When we next run the program with different levels of extra noise, we get some very interesting results. Not only are the
regions of convergence for the methods reduced as the amount of noise is increased, but points where the method
previously didnt converge correctly now in some cases does converge. Bands on non-convergence still exist for this
function even as the level of noise is increased, but the position of the bands actually changes. For 5% extra noise we see
that GMinuit performs with a greater uniformity that Minuit as less islands are created. Finally, we notice for this
example at least, that as the amount of extra random noise is increased, GMinuit starts to out perform Minuit. Table 2
shows the actual number of points where the two method converge
Table 2
Noise
0%
2.5%
5.0%
Minuit
847
805
165
GMinuit
814
806
176
Hence, not only does the accuracy of the initial information we supply have to be more
accurate as noise level increases, but it seems GMinuit was designed to work well as
the noise level increases. It would be interesting to have some further investigations
with different levels and types of noise to see whether GMinuit actually does work
better as noise increases.

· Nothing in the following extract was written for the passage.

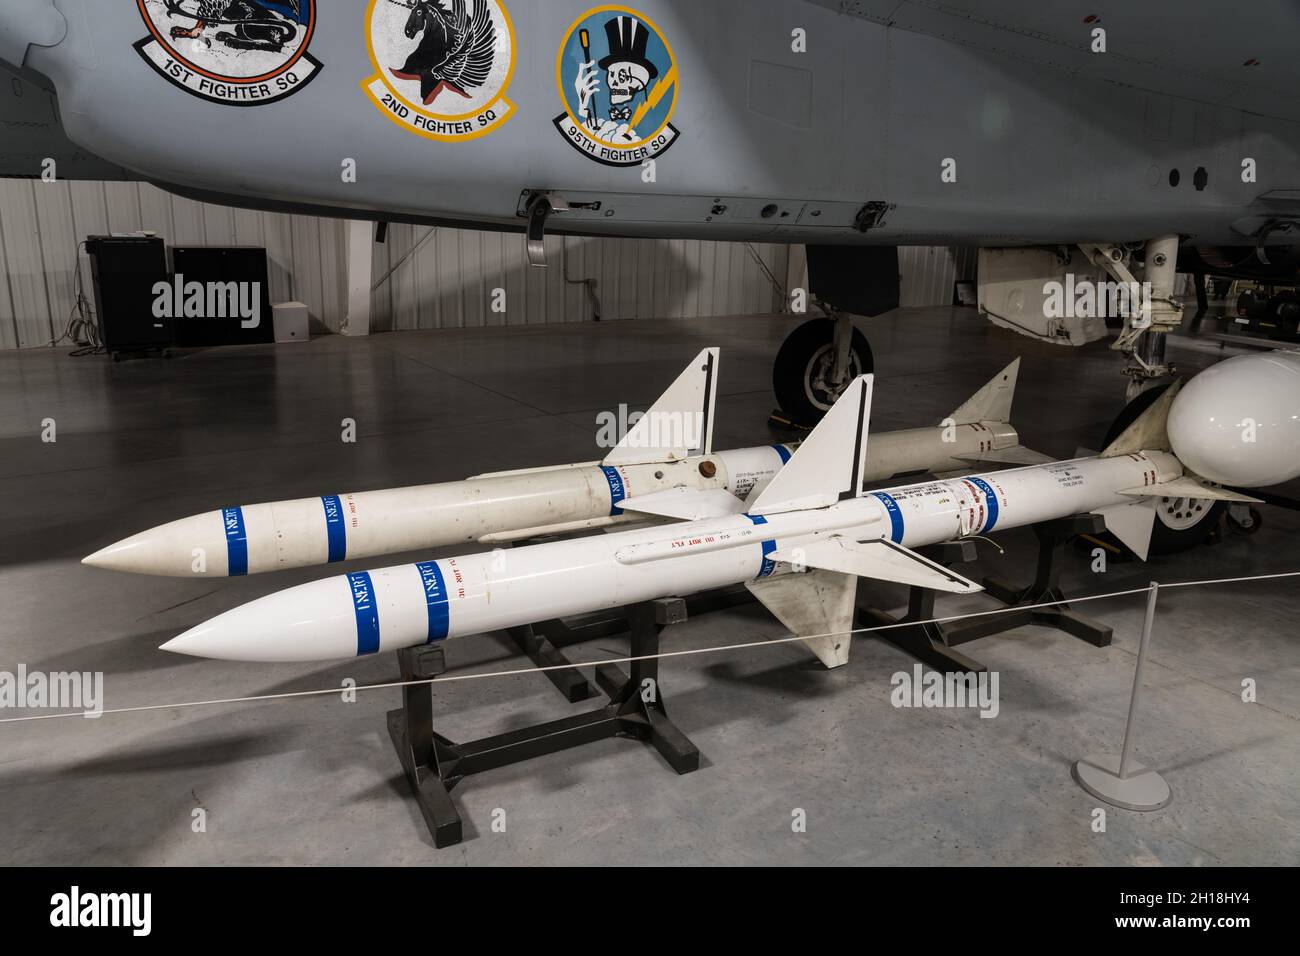 AIM-7E Sparrow air-to-air missiles in the Hill Aerospace Museum. Stock Photo
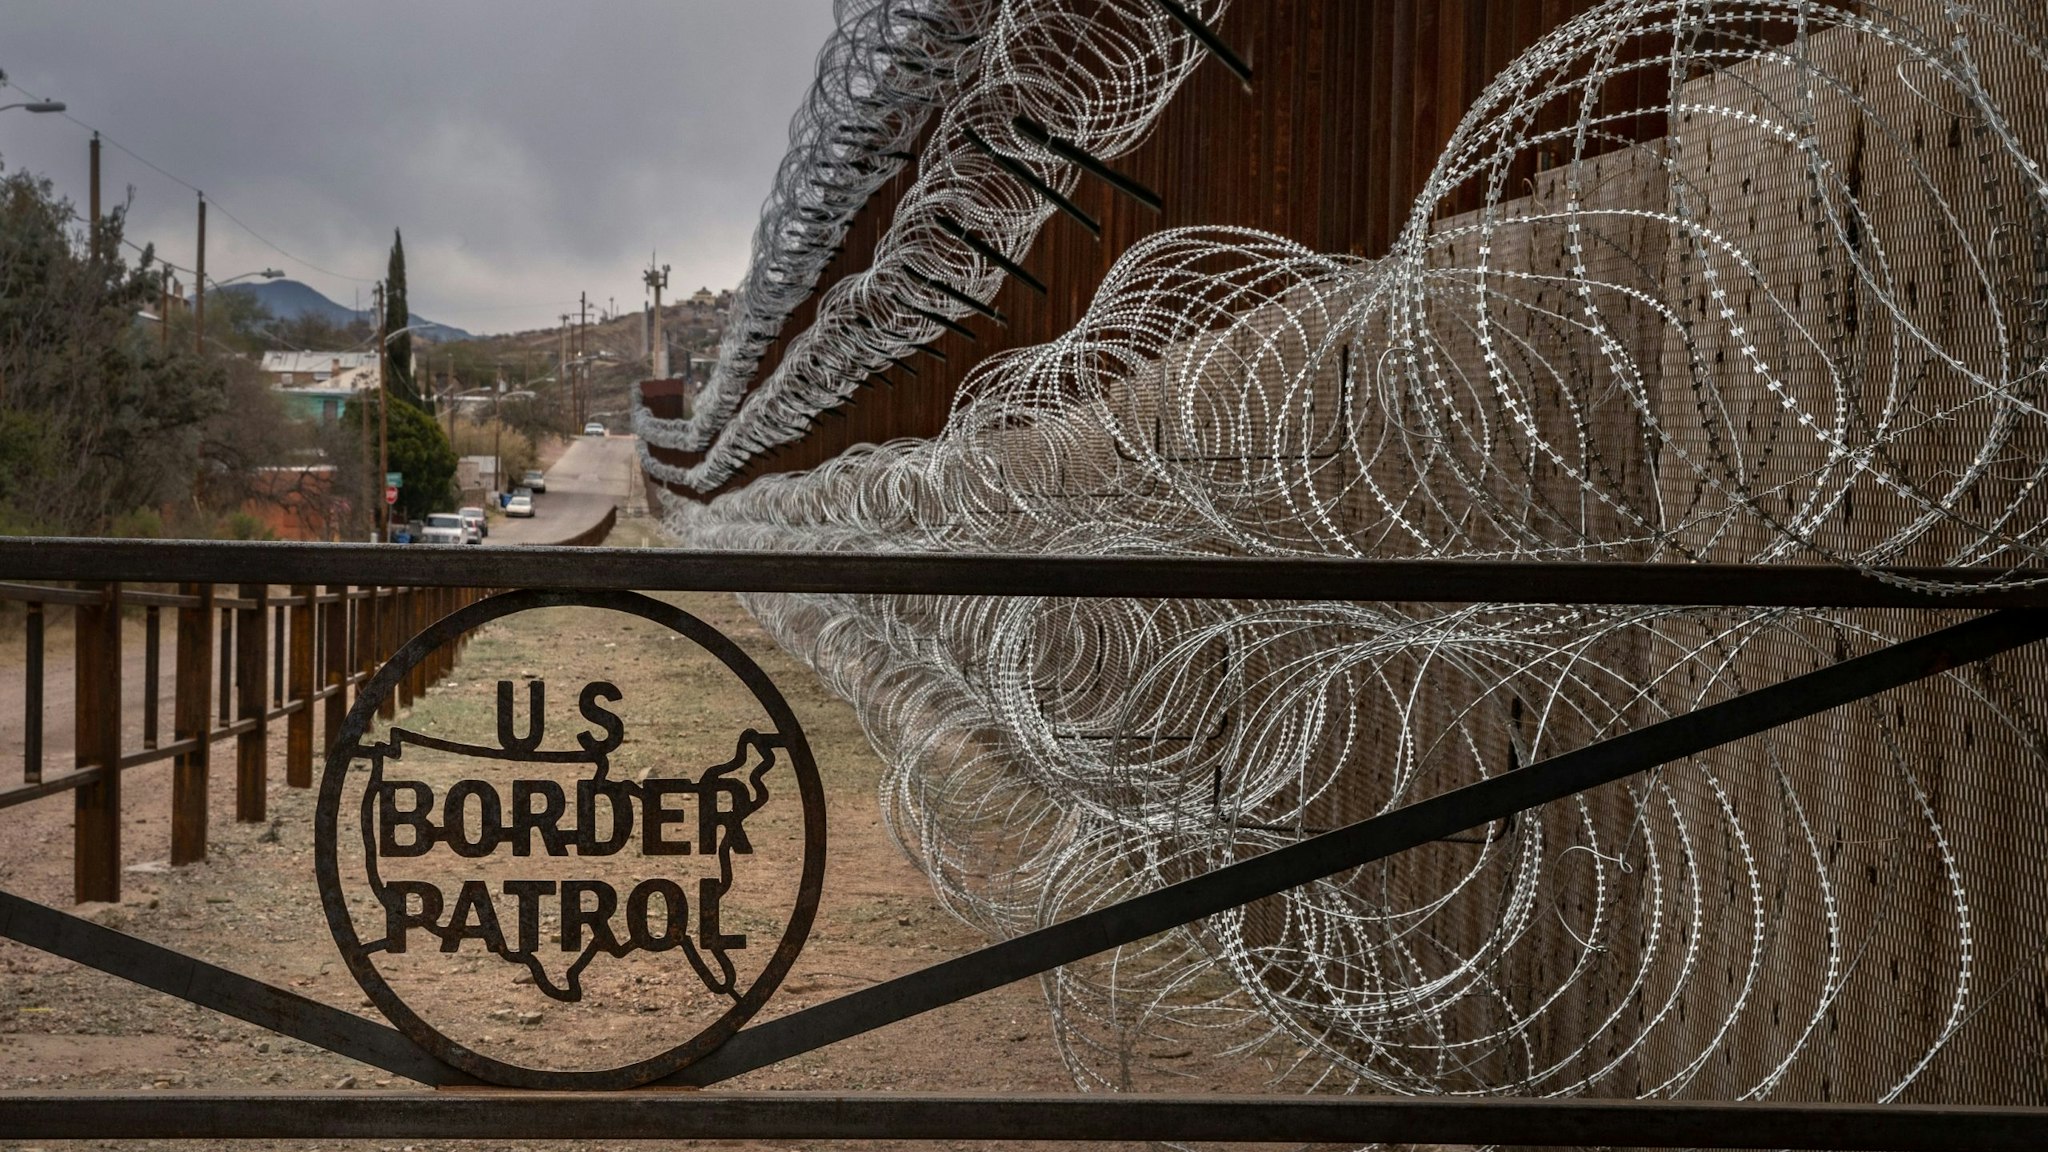 TOPSHOT - A metal fence marked with the US Border Patrol sign prevents people to get close to the barbed/concertina wire covering the US/Mexico border fence, in Nogales, Arizona, on February 9, 2019. (Photo by Ariana Drehsler / AFP) (Photo credit should read ARIANA DREHSLER/AFP via Getty Images)

The full output results for the 3 different noise levels can be
found in Appendix 4.
Pure Minimization
The final part of my project was to move away from using
minimization for fitting histograms to testing the minimization
methods for Minuit and GMinuit directly. I did this by again
adapting my program to deal with more complicated two
dimensional functions such as Rosenbrocks Curved Valley
problem* with the aim of being able to change the function
under investigation easily. I designed the program so that it
was easy to change the viewing range of the function, the
amount of detail to print out, the position about which to
concentrate the investigation and also whether I wanted just
the basic information about this position or the extra graphical
outputs. All these parameters can be set at runtime allowing
the user to view general information around the actual
minimum and then to target specific regions or points without
having to go and change any of the underlying code.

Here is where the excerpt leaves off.